Aitana Pallas, juriste chez noyb

 

5. Une version décentralisé sur la Blockchain

Alors que son modèle actuel est sous le feu des critiques, l'entreprise prépare déjà l'étape suivante, et elle est pour le moins surprenante. Un livre blanc révèle qu'une nouvelle entité, UAB Whitebridge Network, s'apprête à lancer un crypto-actif baptisé "WBAI Token". Cette nouvelle société partage la même adresse que sa société mère, UAB Whitebridge ai, au Krivių str. 5, à Vilnius, en Lituanie, ce qui rend les manœuvres de l'entreprise plus tangibles.

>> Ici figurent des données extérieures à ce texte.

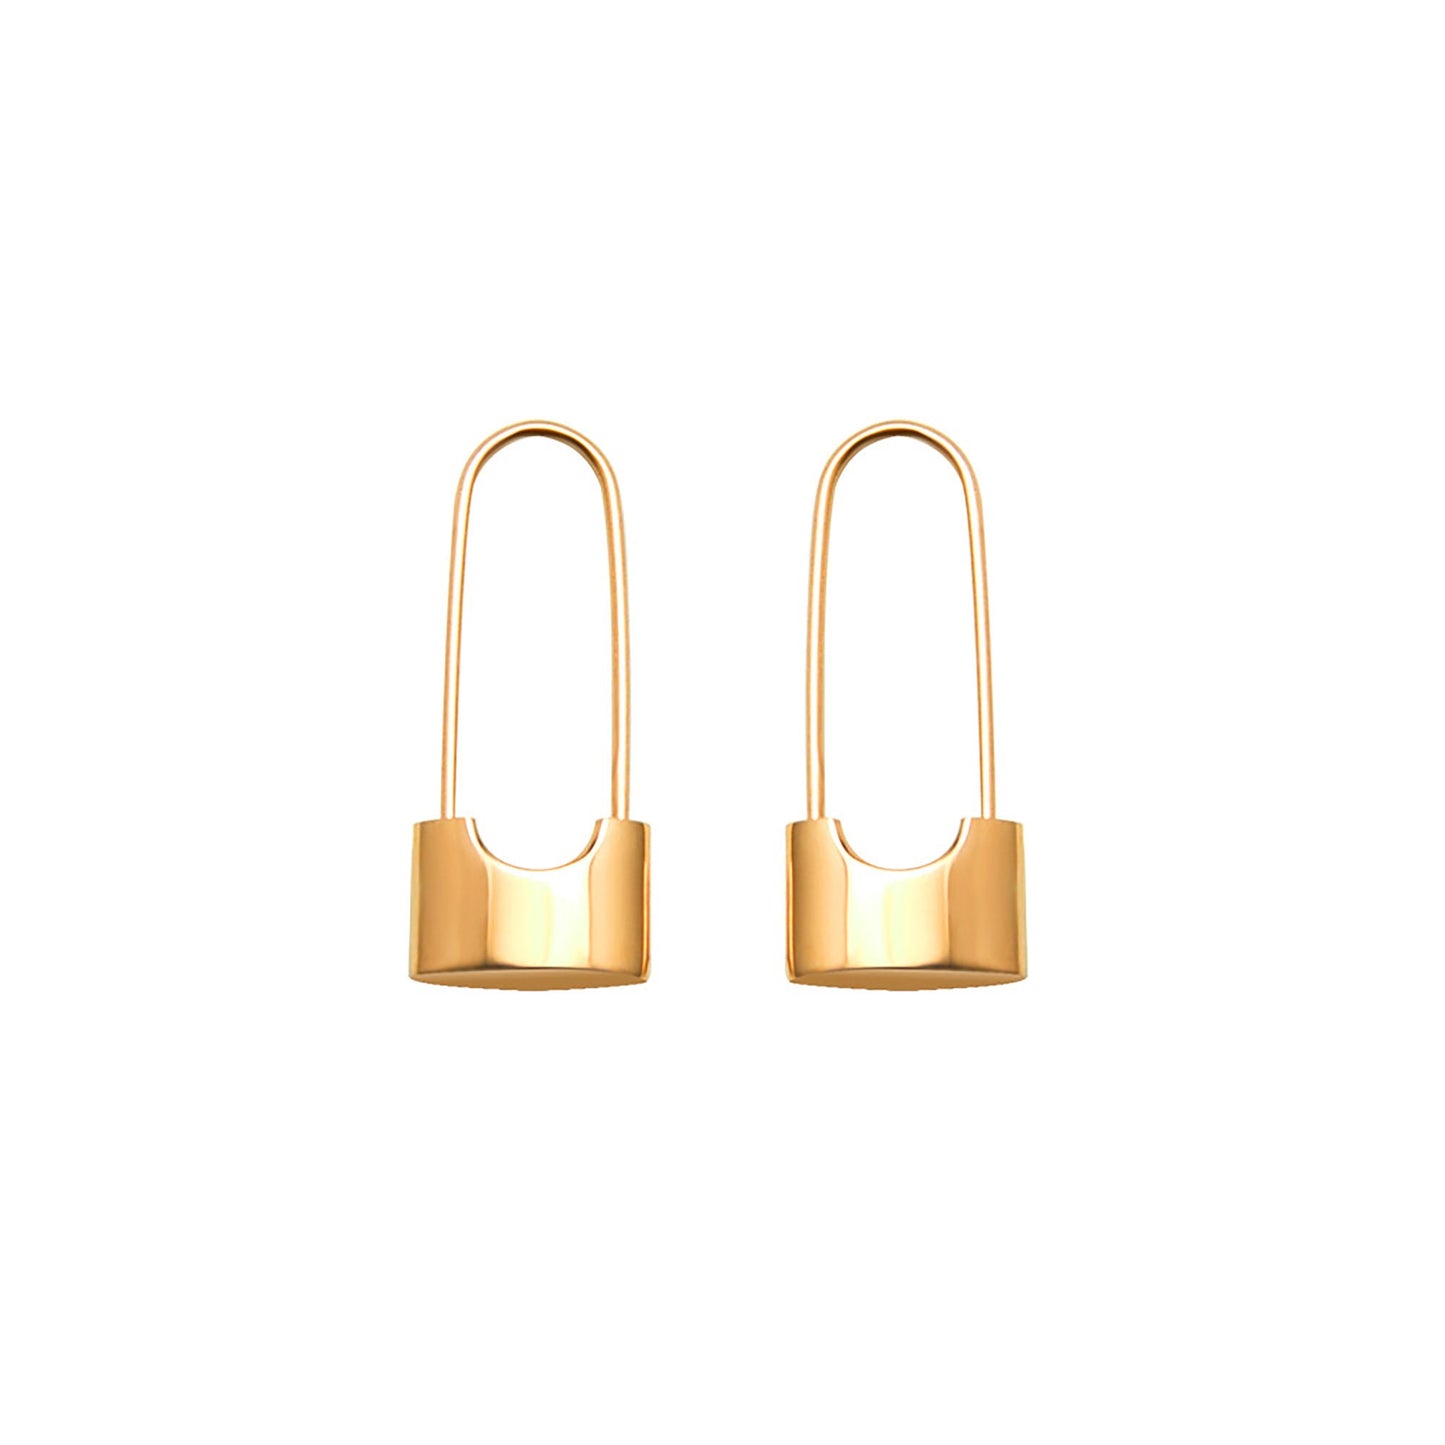 Titanium Lock Hoop Earrings, Gold Plated, Hypoallergenic, Implant Grade Titanium Waterproof, Vintage Style, Minimal

L'objectif ? Alimenter un "réseau décentralisé d'agents Whitebridge AI" dédié à "l'intelligence des données sur les personnes". Dans ce futur système, les utilisateurs paieront avec des jetons WBAI pour obtenir les mêmes types de rapports générés par l'IA. L'ironie est frappante : au moment même où l'entreprise est critiquée pour son manque de transparence et de responsabilité, elle construit une version décentralisée qui pourrait rendre la régulation et les recours des utilisateurs encore plus complexes.

 

Conclusion : La vérification à quel prix ?

Le cas de Whitebridge AI met en lumière une tension centrale de notre époque numérique. D'un côté, le besoin légitime de se protéger contre les fraudes en ligne est bien réel. De l'autre, des services comme celui-ci soulèvent des questions alarmantes sur la violation de la vie privée, l'exactitude des données et une éthique commerciale pour le moins discutable.

L'affaire est désormais entre les mains des régulateurs, mais elle nous concerne tous.